I'm having trouble solving a second order differential equation with Gaussian white noise. The equation I'm solving follows the form:

$$Ax'' + Bx' + \sin(x) = i + i_{n}$$

where $i_{n}$ is the Gaussian white noise, and $i$ is a constant source. I'm ultimately interested in $x'$, not $x$. Without the Gaussian source, I've been able to simply use an ODE solver like ode15s or ode45. However, with the random source, I don't know how to use an SDE solver to get $x'$. Can anyone with experience in solving SDEs in MATLAB lend some advice?

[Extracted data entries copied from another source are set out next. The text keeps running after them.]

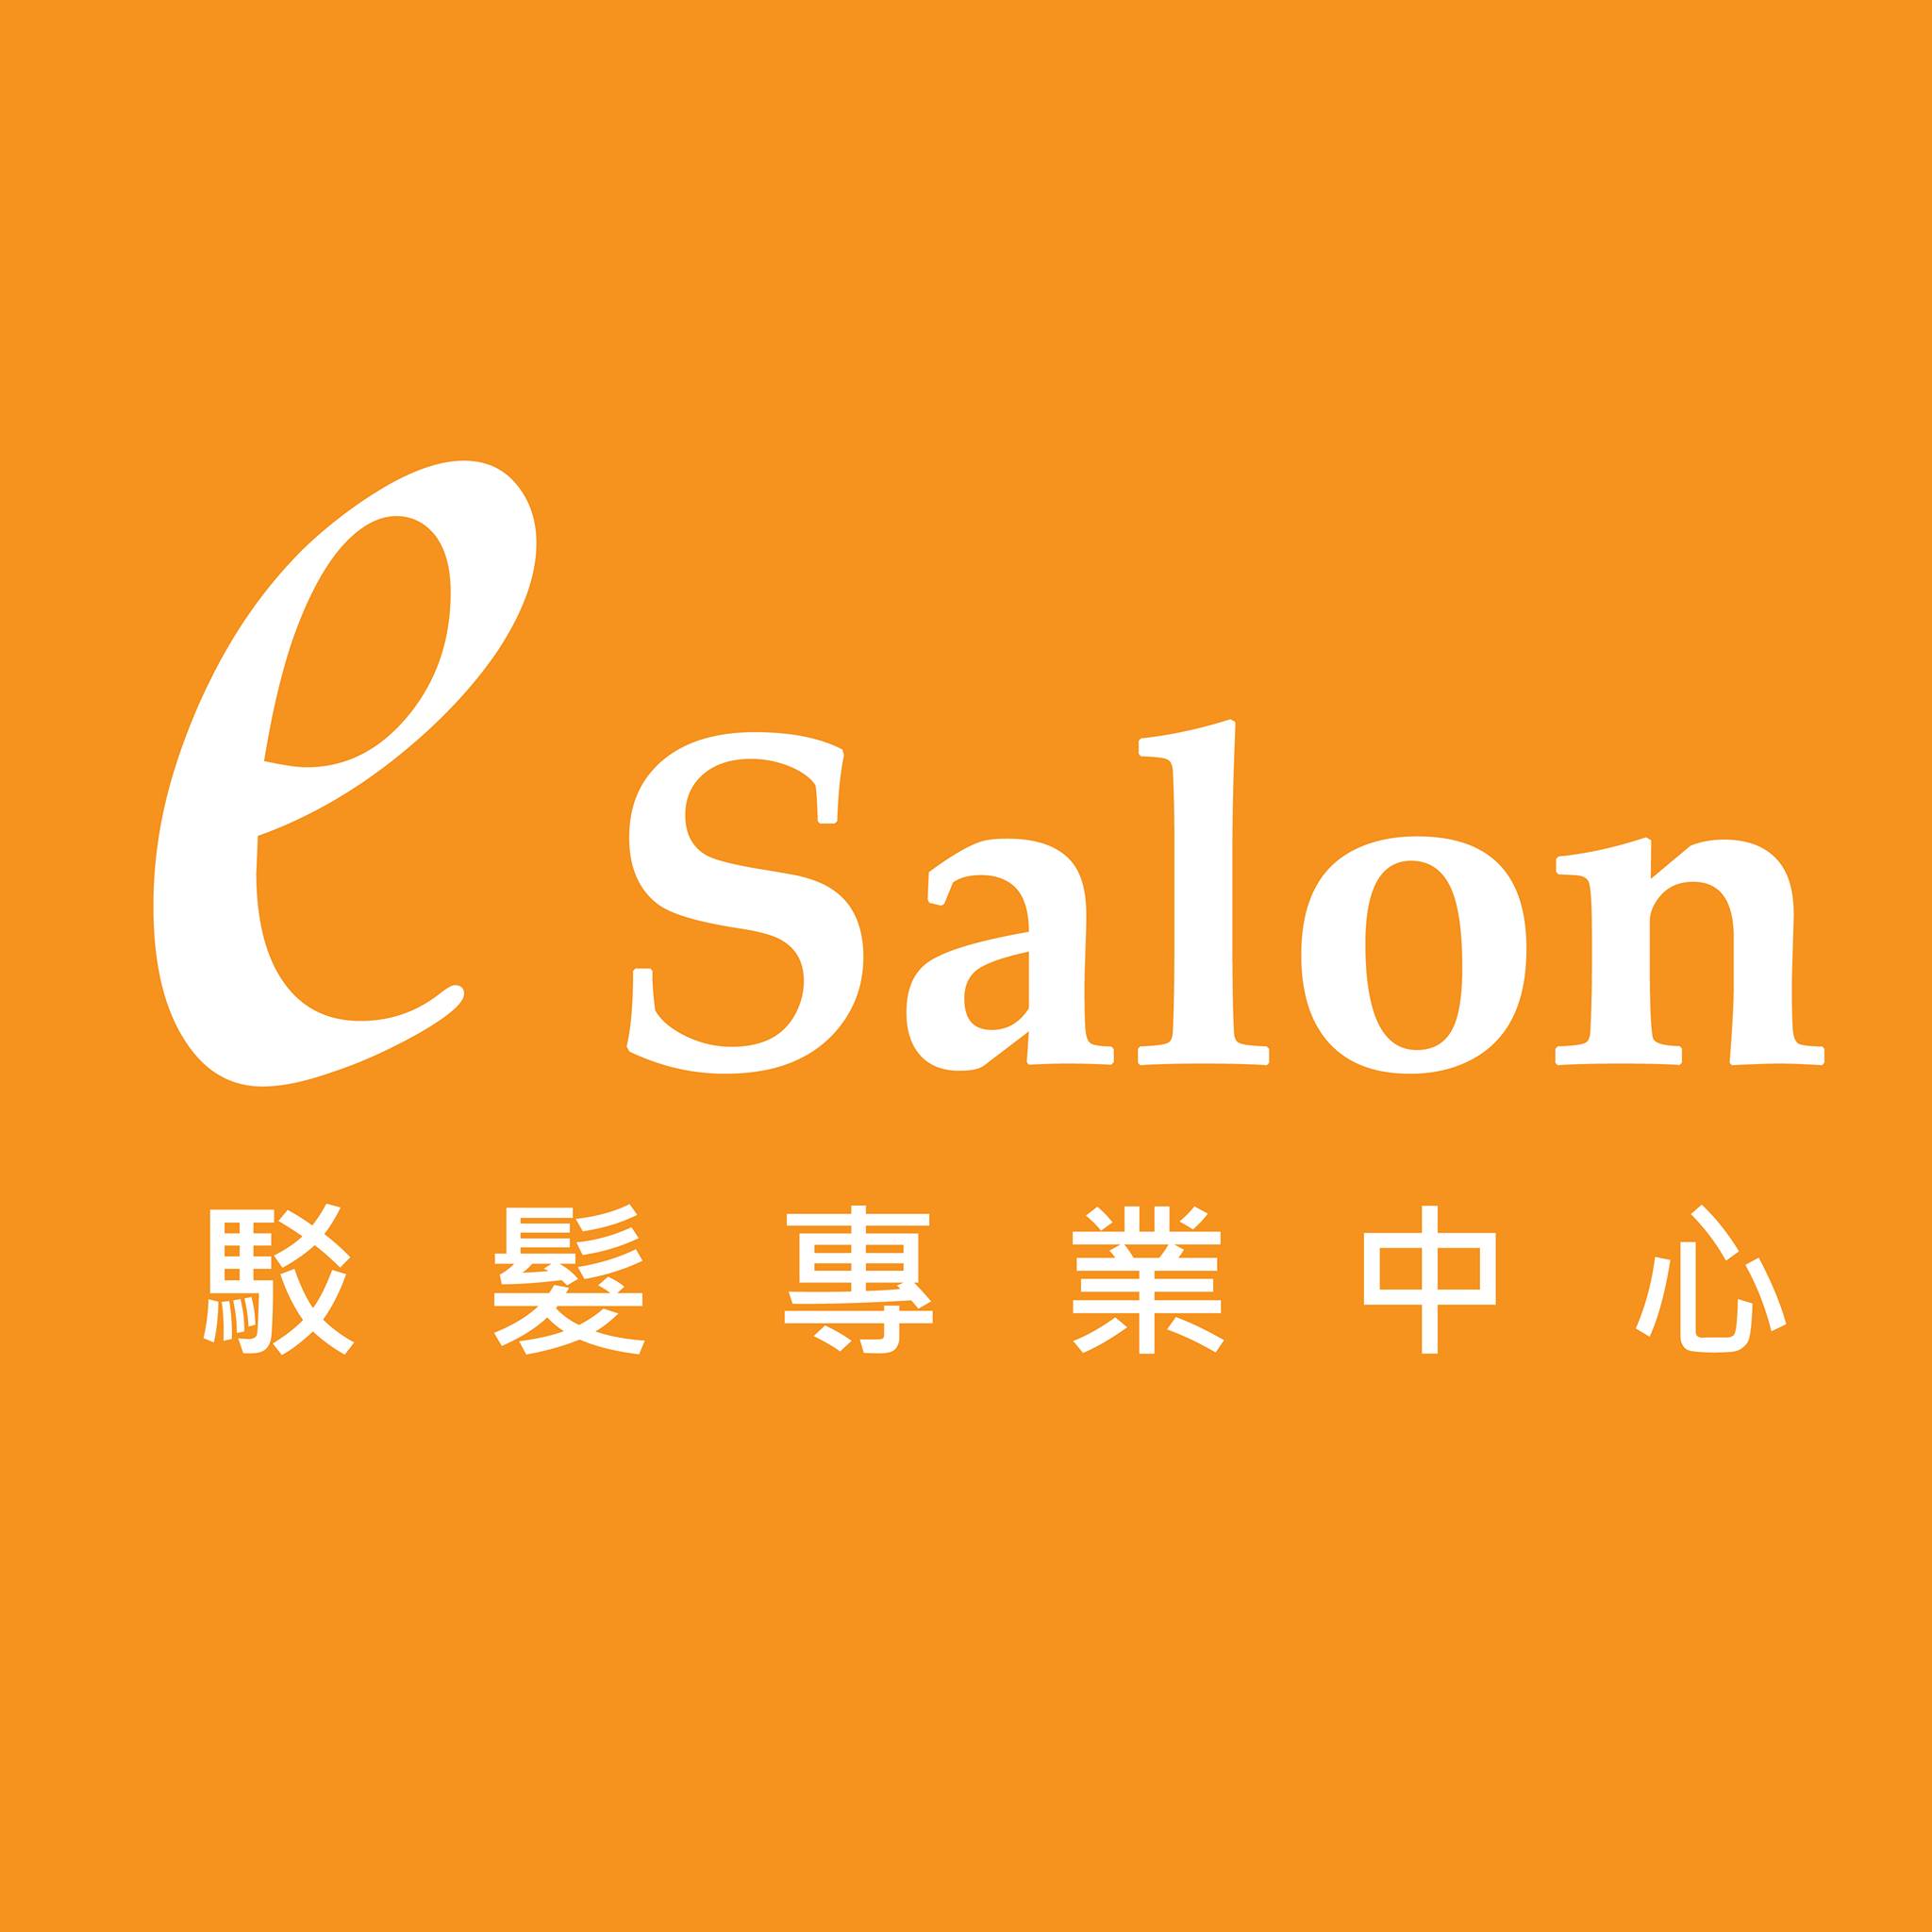 髮型屋: E Salon Station 駁髪專業中心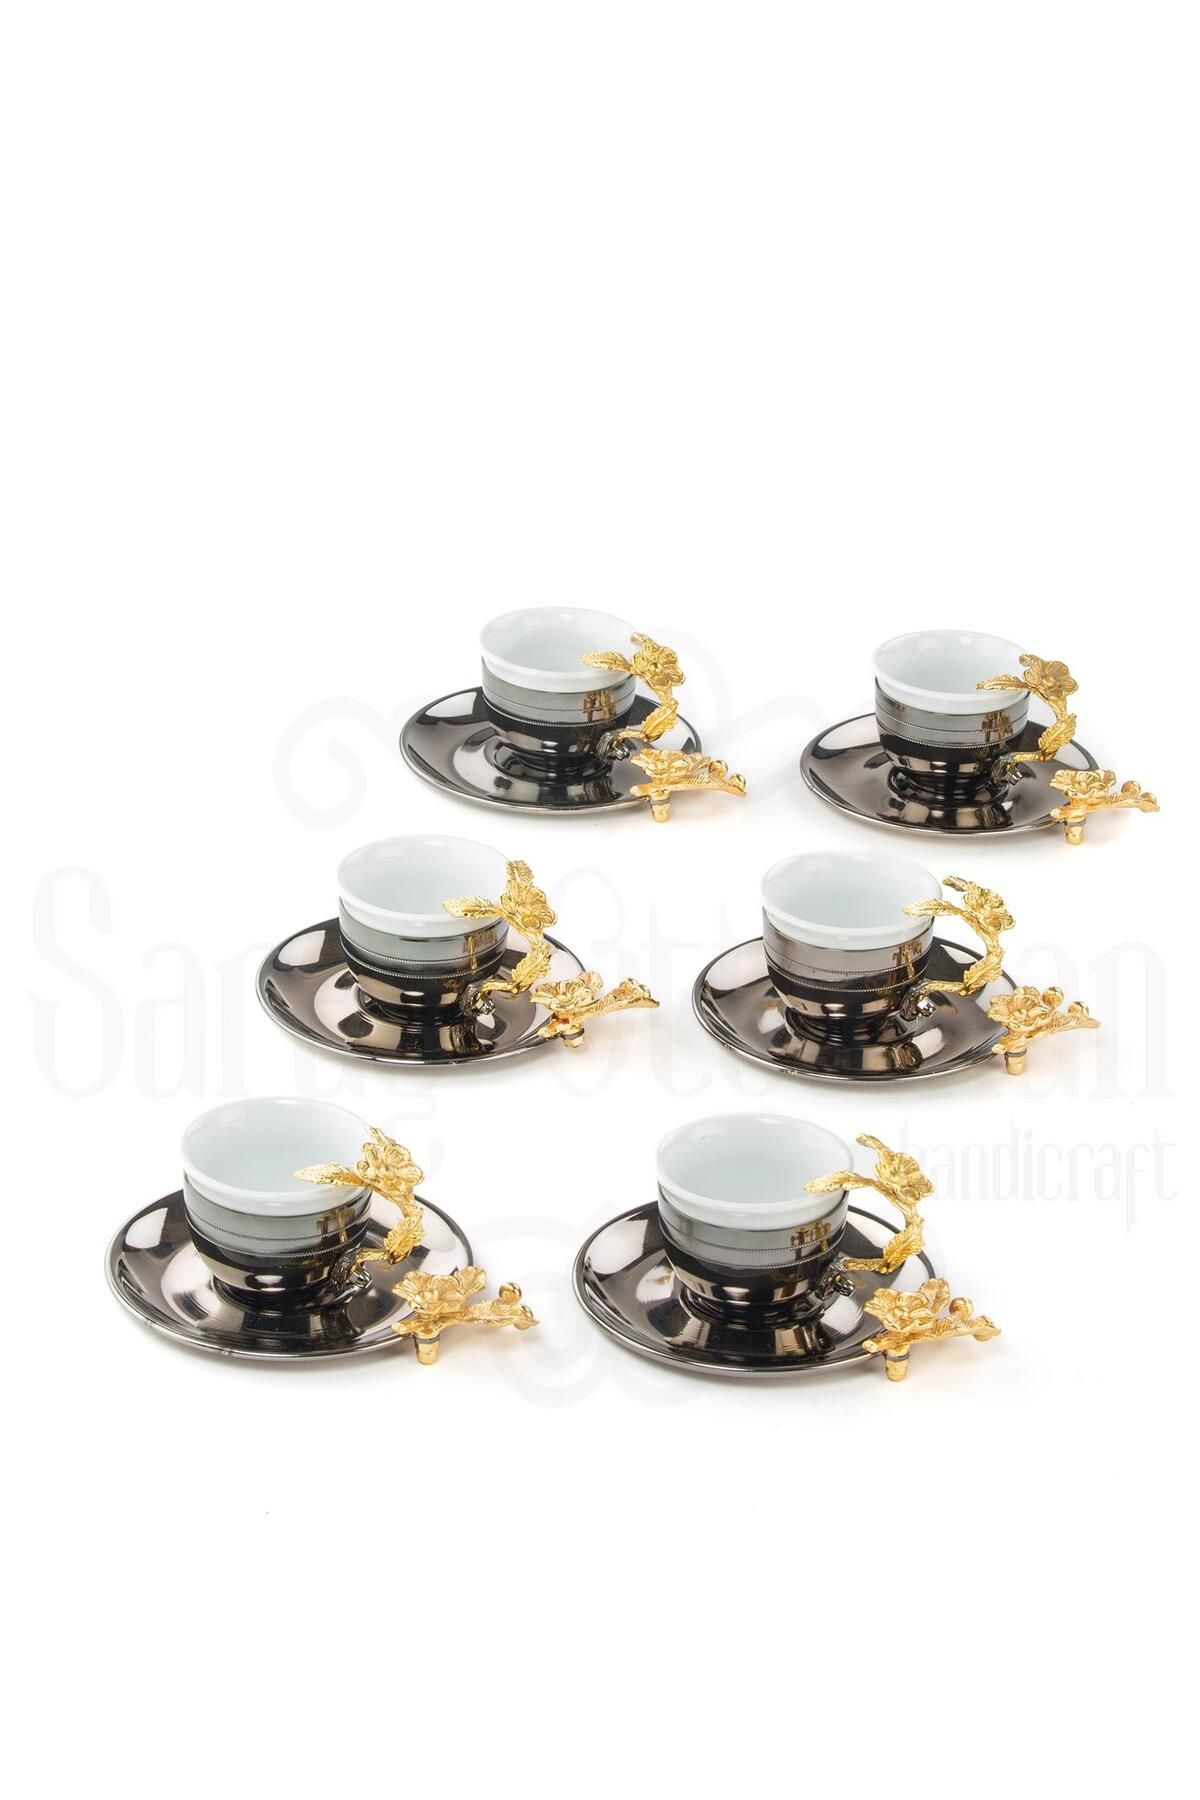 Saray Ottoman Bakır Kahve Fincanı Porselen Kahve Fincanı Altın Japon Gülü Çizgili 6'lı Kahve Fincanı Siyah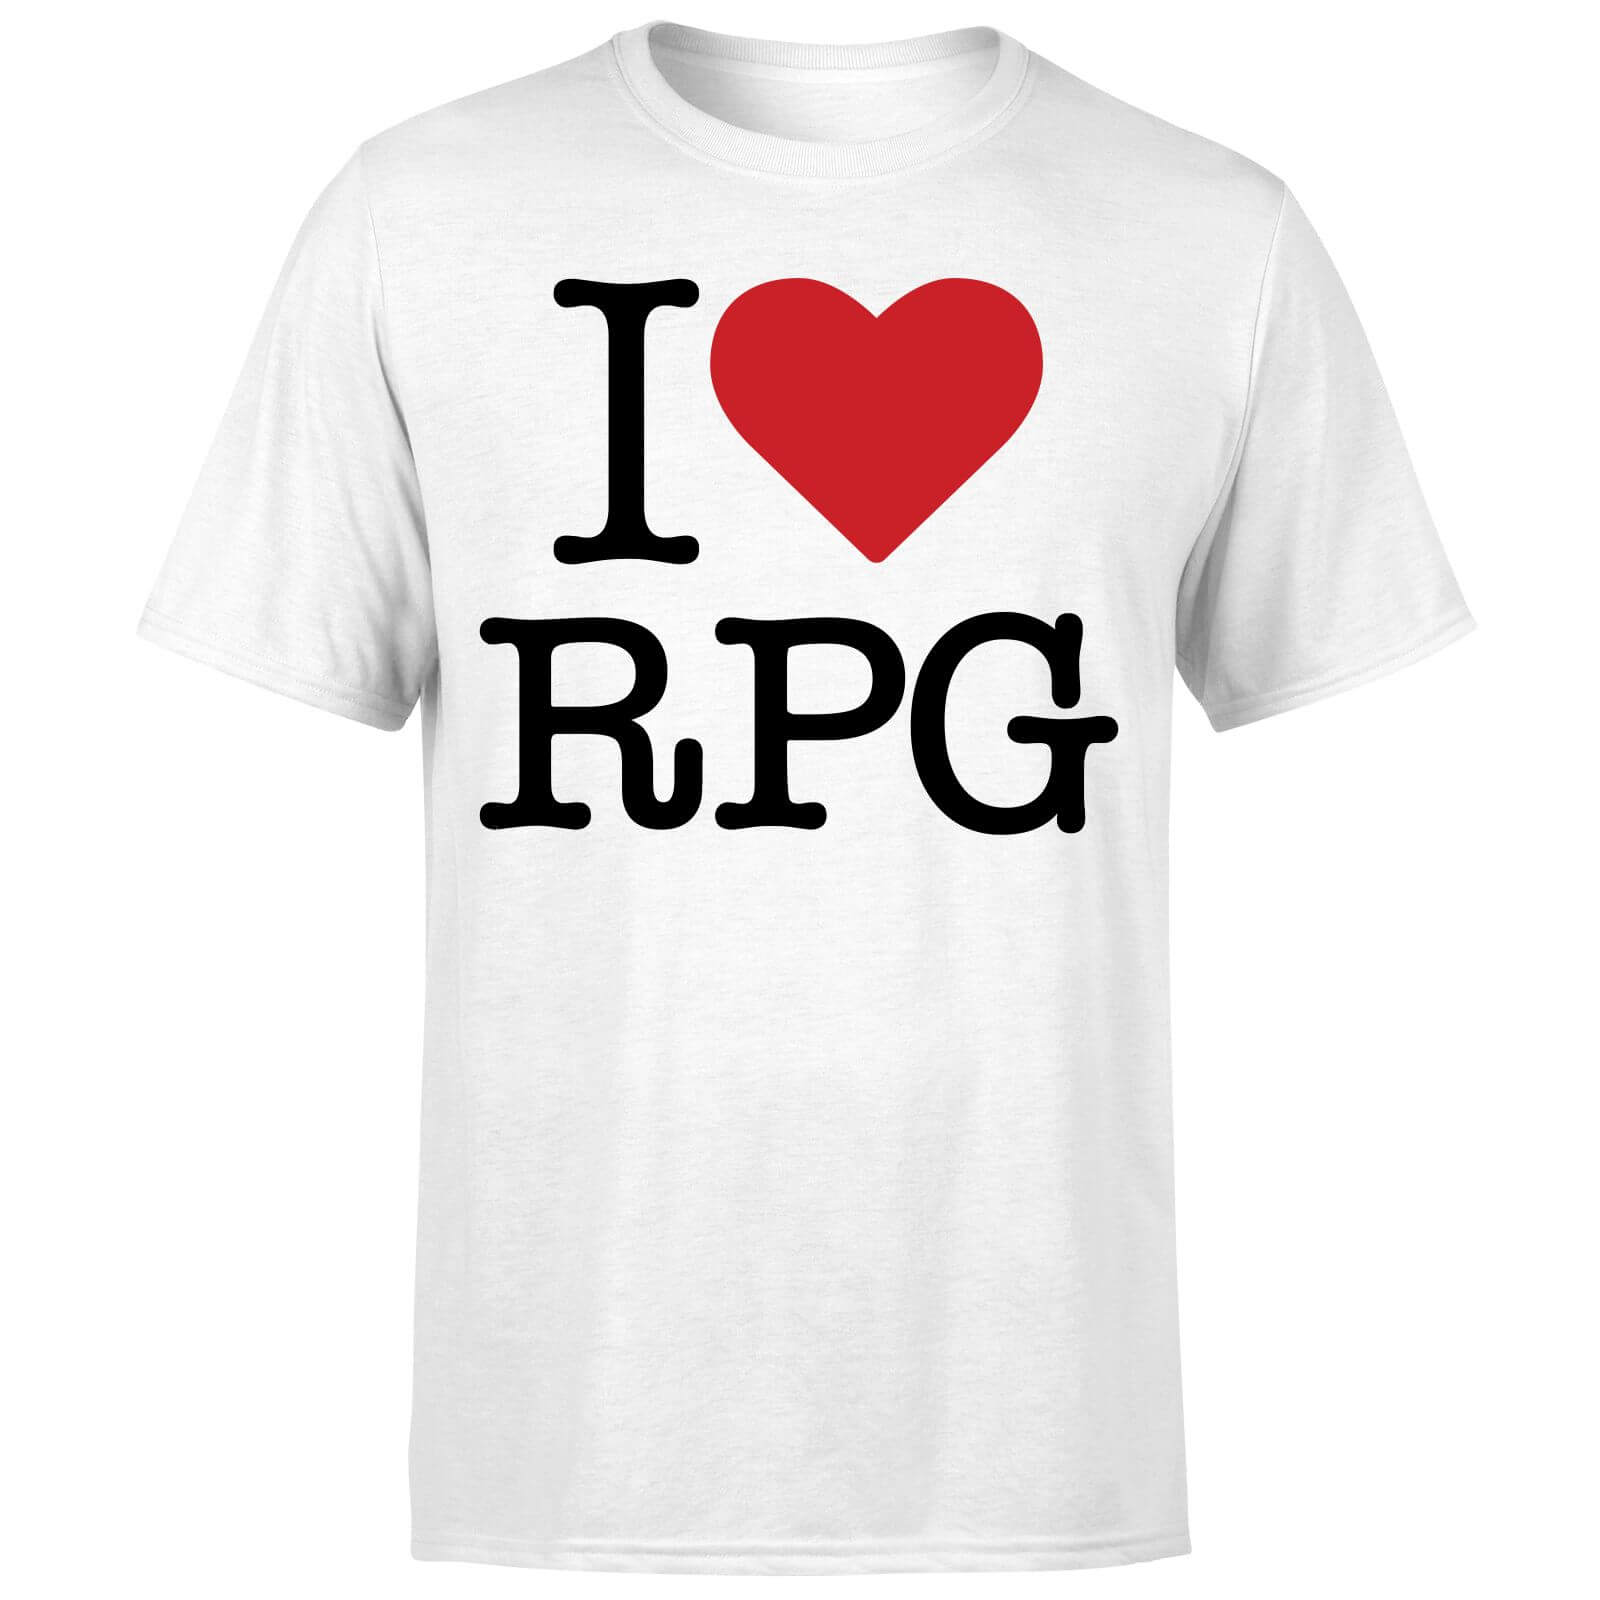 I Love RPG T-Shirt - White - S - White

  • $\begingroup$ What do you mean by "a constant source"? Is $i$ just a constant parameter or is it noise with a uniform distribution? Or is the right-hand side an Ornstein-Uhlenbeck process? $\endgroup$
    – horchler
    Jan 27, 2016 at 1:17

1 Answer 1


The most straightforward way to solve your SDE is with an Euler-Maruyama scheme. This is a simple and effective method for additive noise, i.e., the diffusion/noise term is not a function of the state, as appears to be the case for your example. Here is some Matlab code to solve your system:

n = 2;        % Order of system
t0 = 0;       % Initial time
dt = 1e-3;    % Fixed time step
tf = 1;       % Final time
t = t0:dt:tf; % Time vector
tlen = length(t);

A = 1;
B = 1;
c = 1;
f = @(t,x)[x(2);(-B*x(2)-sin(x(1))+c)/A]; % Drift function
ep = 1e-1;                                % Size of additive noise
g = @(t,x)[0;ep];                         % Diffusion function

x = zeros(lt,n); % Allocate output
x0 = [1;1];
x(1,:) = x0;     % Set initial condition

seed = 1;  % Seed value
rng(seed); % Always seed random number generator

% Euler-Maruyama
for i = 1:tlen-1
    x(i+1,:) = x(i,:).' + f(t(i),x(i,:))*dt + g(t(i),x(i,:)).*randn(n,1)*sqrt(dt);


This is not an adaptive method like ode45, so you need to ensure that your integration step size, dt, is sufficiently small. There are many ways to optimize the above code and make it less general (e.g., simplify anonymous functions, pre-calculate normal variates, etc.). You could also try using sde_euler in my SDETools Matlab toolbox on Github, which has many options akin to those in the ODE suite. See this answer on Math.SE.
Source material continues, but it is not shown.